Pipeline notifications and deployment from Slack

As the engineers who worked on this app, we feel the Slack platform afforded us opportunities we never would’ve been able to accomplish without a modern messaging system. In this article, we’d like to give you a peek into how we extended the Heroku platform by creating a Slack application. We’ll cover why we chose to use Slack’s slash commands, give an architectural overview of the application, and walk through some security considerations and error handling we encountered when building our app.

Slash commands

When a team installs Heroku ChatOps, we provide a set of slash commands to help manage your Heroku applications from inside Slack. Unlike a Slack bot which constantly polls for messages hoping to be helpful, slash commands extend CLI-like functionality to your Slack channels. We found this approach compelling because we didn’t need our users to grant full access to their Slack messages; from an operational perspective, we wanted to work with as little customer data as possible and focus on providing users declarative tools to use on demand.

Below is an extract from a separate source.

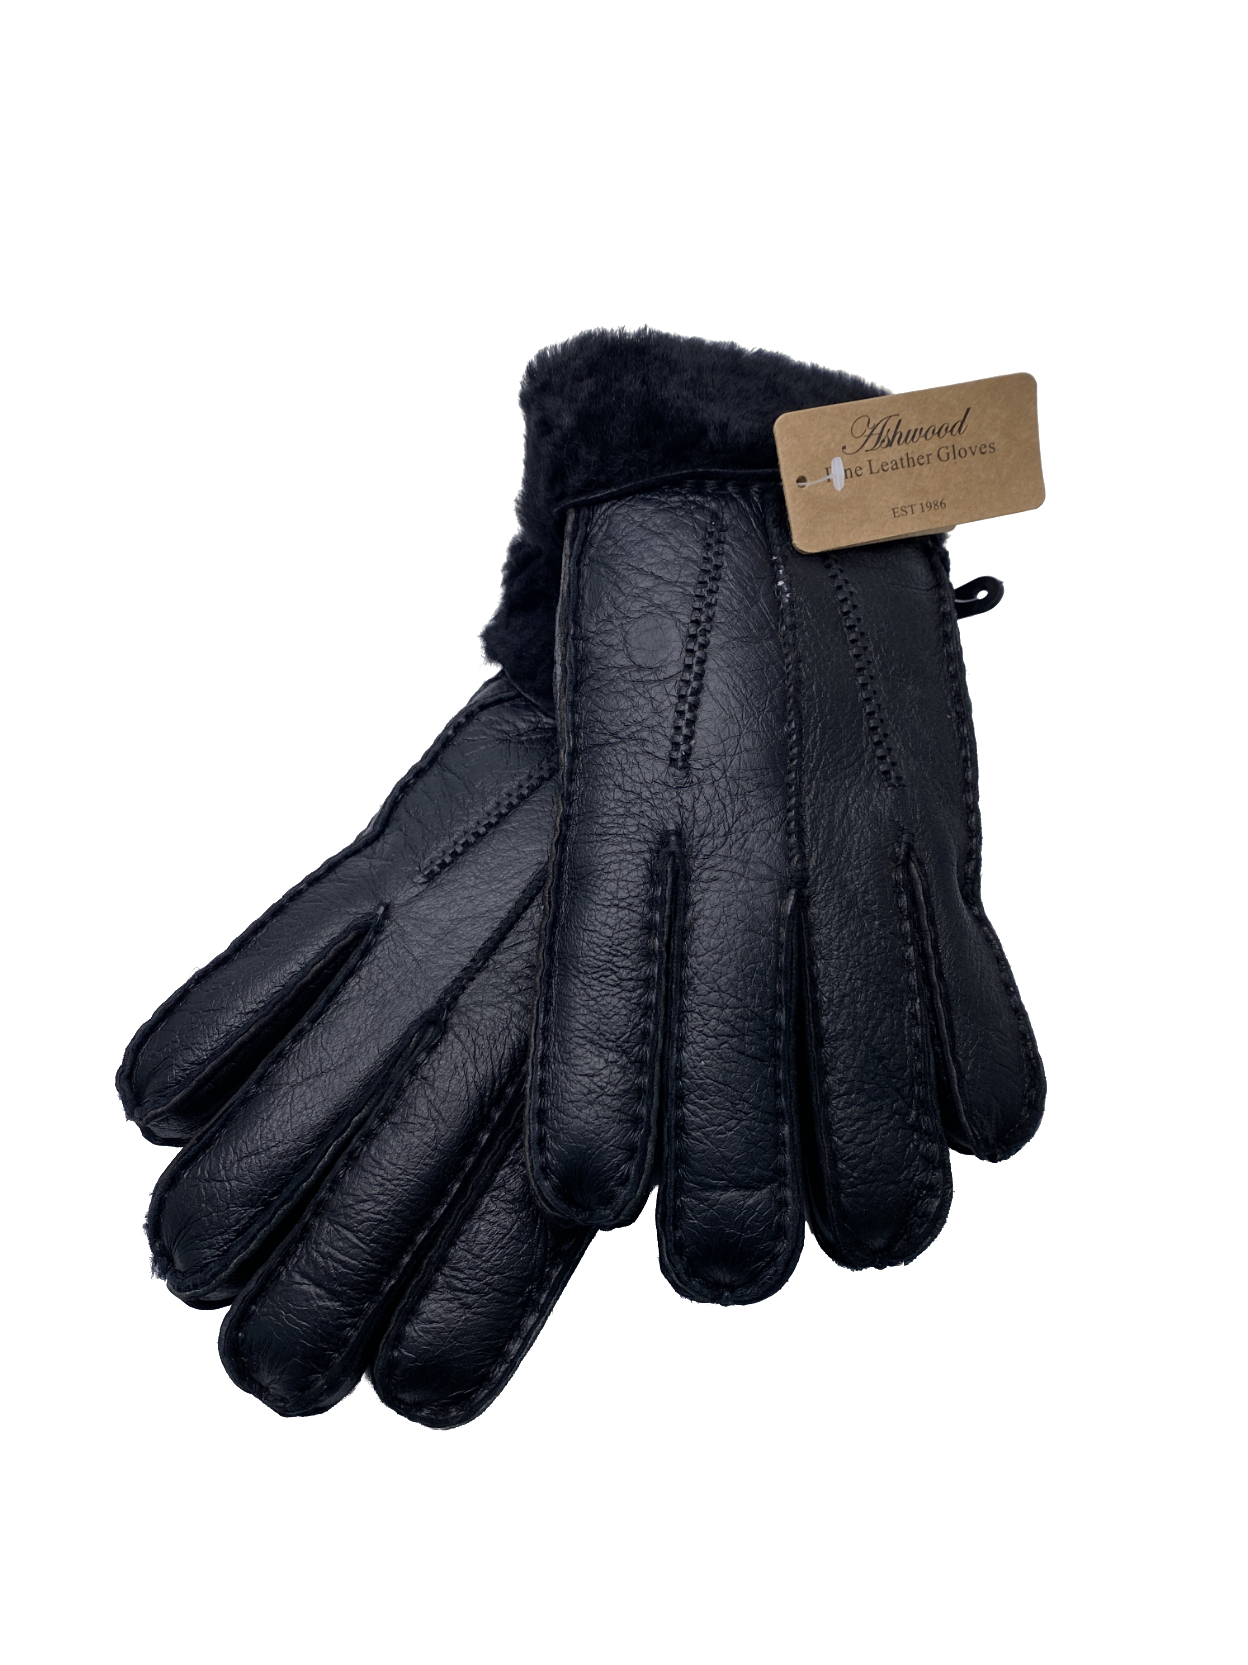 Ashwood Black Fine Leather Gloves UK S/M

We configured an endpoint in the Slack UI that points to our Heroku ChatOps Rails application: when someone types a Heroku ChatOps command, like /h promote my-pipeline, Slack will POST the command they submitted and additional metadata to a callback URL in our application. Authorization to this callback URL is handled by a shared secret between Slack and our ChatOps application, which validates that the user, command text, and team is coming from Slack and not a malicious third party.

Multi-OAuth

Accountability has become more and more important to Heroku with our recent Heroku Shield offering. Since we use Heroku ChatOps internally to deploy many of our own apps, it’s important to know who introduces changes into the system in order to meet our own compliance requirements. We need to attribute any API calls we make to the initiating user instead of creating all-powerful superusers within Heroku and GitHub.

Instead of building our own access control inside the ChatOps Slack app to manage user capabilities, we prompt people in Slack to authenticate directly with both GitHub and Heroku. We can store tokens and later act on that user’s behalf so that any action is linked back to them. These tokens are encrypted at rest with RbNaCl and refreshed every six hours.

A user’s access to Heroku Pipelines and GitHub repos is managed through the Heroku Dashboard and GitHub, respectively. This way, if a user leaves their company and their access to Heroku is revoked, that change is immediately reflected in Heroku ChatOps – and that person will no longer be able to deploy their company’s application from Slack.

Command processing flow

When the Heroku ChatOps application receives the POST from Slack, we store the command in our database and kick off a Sidekiq job to execute it.

Slack gives us only 3 seconds to acknowledge their initial POST, so we send back an HTTP 200 OK response immediately to let Slack know that we received their message. This acknowledgement isn’t to be confused with the response we send to Slack, which is displayed to the end user — that will come later.

The job we enqueued earlier is then tasked with parsing, and ultimately executing, the user’s command.

Command processing architecture

Pipeline notifications

ChatOps users can route custom events to specific Slack channels with the /h route command, helping teams set up a default Slack channel to house pipeline-related events. Here, we focused specifically on common events from our own day-to-day workflow — specifically, GitHub’s pull request and commit status events (like passing CI tests).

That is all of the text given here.